I’m the kind of man who doesn’t blush, tweeze or drink from straws. But I may sprout boobs from the sky-high estrogen count of this week’s shows. The ladies know I love ’em, but somebody … (gulp) … help.

The Beat

Shoulda known it with the way the week began. On June 8, downtown was in full heat. A big gaggle of girls were screaming over at the Social for L.A. phenom Marie Digby, a member of the young, cutie-pie troop of female singer-songwriters who have at least a trace of legitimacy. Over at Back Booth, teenage girls swooned for We Shot the Moon, who aren’t girls but might as well be since the band features members from Waking Ashland and Sherwood.

But the Ingrid Michaelson show at the Social June 11 was the week’s most concentrated hen party. I’m not a huge fan or anything; I just wanted to hear “The Way I Am” live. It’s weird to go to a show for one song, but you’ve heard me preach the infinite marvel of a great pop song a million times and that’s one charming-ass tune. So I went. And it was worth it, because her fetching voice is the real deal in person.
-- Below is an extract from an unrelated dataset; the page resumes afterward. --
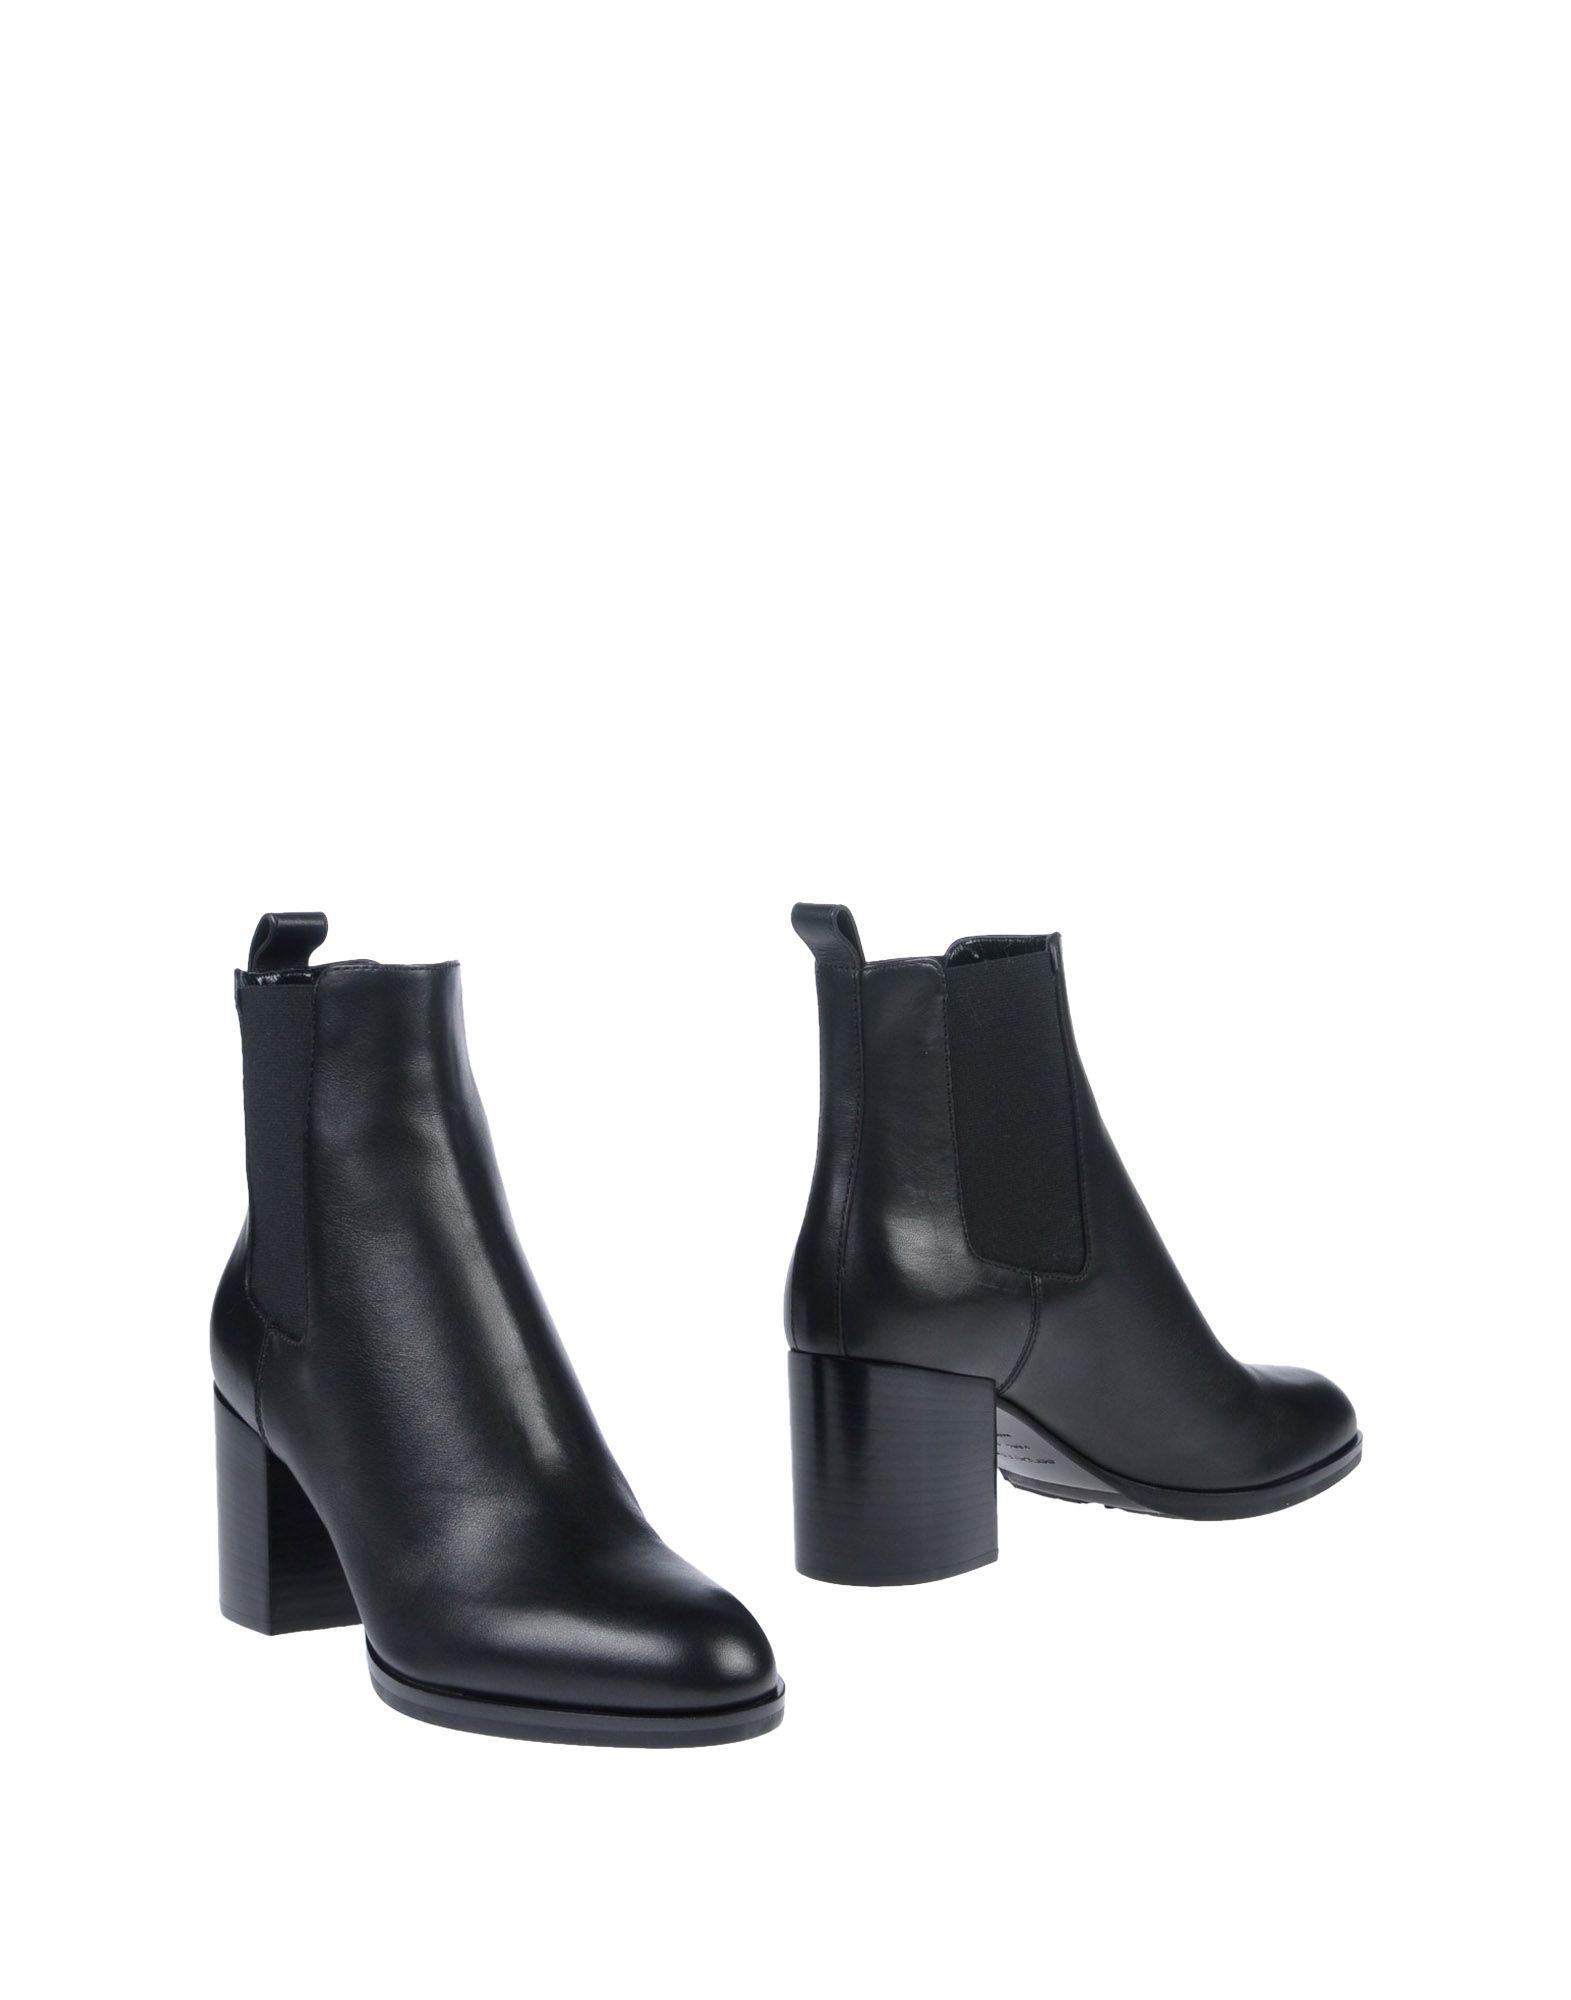 SERGIO ROSSI Полусапоги и высокие ботинки osvaldo rossi полусапоги и высокие ботинки
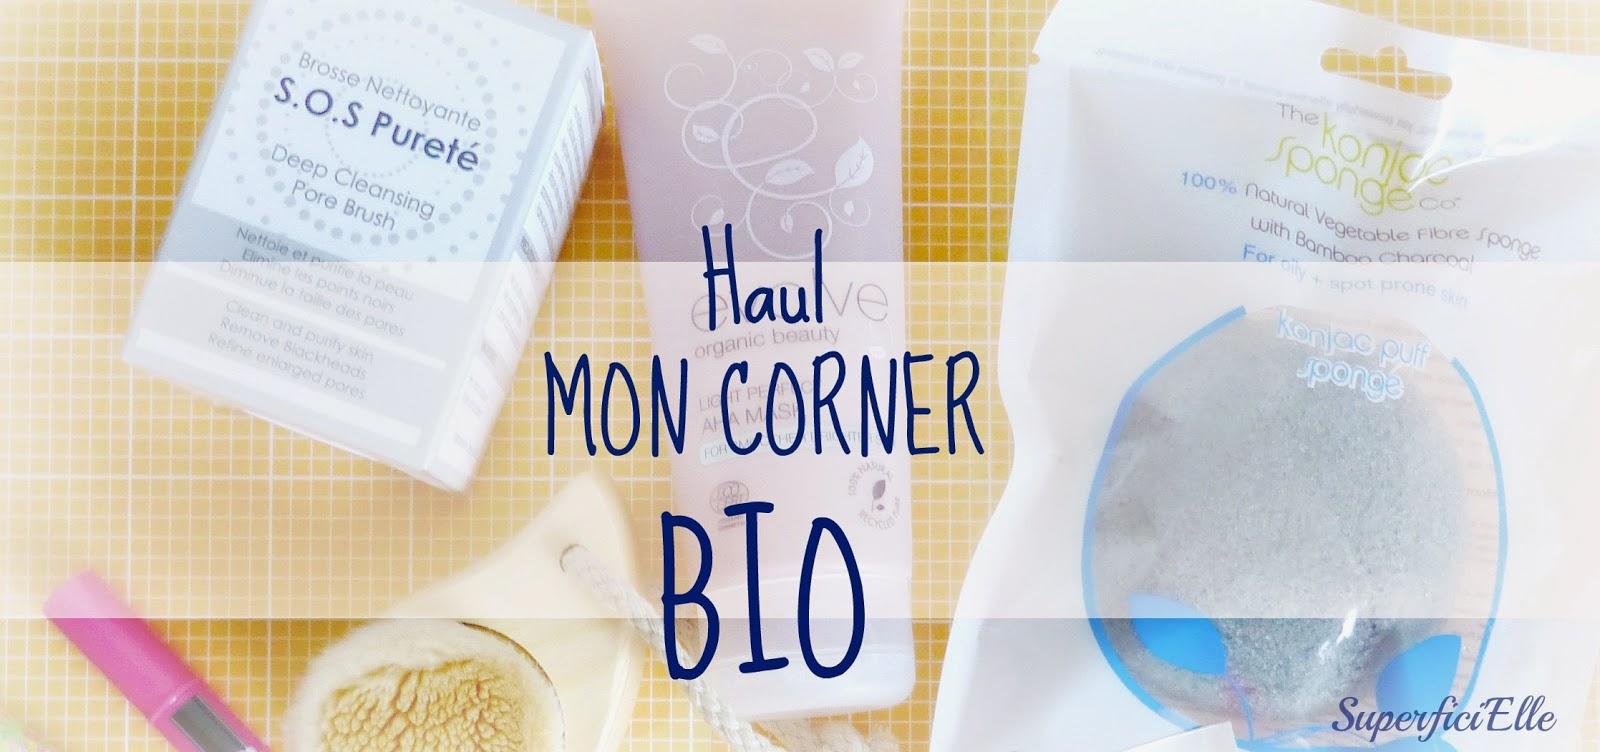 Haul Mon Corner Bio - Nettoyer et illuminer

Michaelson is reasonably talented, but the Staten Island chanteuse is destined to be a one-hit wonder if she doesn’t start hitting that mark more often. The waiting room for “pretty good” artists runneth over, and the ones who ultimately matter are the ones who can repeatedly capture lightning in a bottle. 

Oh, y’know the law of averages that makes any sizable crowd of people singing together sound like they’re in tune? Well, that apparently doesn’t transfer to white chicks clapping to a song and keeping rhythm.

And of course a week as womanly as this just had to include a band that actually features the word “lady” in its name. Yep, the U.K.’s Ladytron played Club Firestone June 12, where they impressed with a massive sound and nice lights. Totally dig their newfound sonic assertiveness.

As an electronic pop act, Ladytron is true to form but forward-thinking. They’ve never painted themselves into a corner with outmoded styling or goth leanings. Most importantly, their chiseled aesthetic is immaculately conceived. Pulling from less obvious influences, like Italian disco, their sound is a more original, more considered construct than that of their contemporaries. Their music is a glimpse of what synth-pop could’ve become had it not effectively died due to a genre-wide atrophy of creativity.

Next to Ladytron’s colossal presence, Norwegian openers Datarock were downright amateurish. How much longer can their thin, schticky concept last, anyway?

Speaking of which, local indie-pop band Fairweather Friend weren’t exactly masterful at their CD release party at Suite B on June 8 either. Forgettably nice music, but the playing was slovenly. The integration of rock and electronic sounds requires a deft hand, and they were a wreck. Their vanilla musical vision may never, ever be interesting, but they might be palatable if they keep it simple.

Anyway, back to more manly things. Mississippi’s Colour Revolt played the Social June 9. Here’s my deal: If you’re an American band and your name adopts a British spelling, you better be good enough to justify that extra “u.” Luckily, they were, delivering a burning performance heaving with Down-South swagger and intelligent dynamics. Count them among the bright young class of Southern indie rockers.

Counterbalancing all the aforementioned femininity in one fell swoop was Mudhoney at Back Booth June 14. Celebrating their 20th anniversary, these guys are bona fide legends. And evidence that “legendary” usually means “old” was that the lone renegade stage-diver at this show was some aging fat dude acting like a mohawked teenager at the Warped Tour. That guy rules!

But every indicator of their age dissipated when they played. The rude muscle of their first-wave grunge was impressively intact. Their rawness and power were so vivid even in comparison to today’s best young bands that it was truly one of those moment-of-truth performances. The music totally slayed and all of frontman Mark Arm’s Iggy Pop–isms seemed remarkably fresh.

You know shit’s really rockin’ when loud, drunken singing is coming from the normally contained Jason Ferguson all night long. The spirit of rock & roll is far from dead, and so is Mudhoney.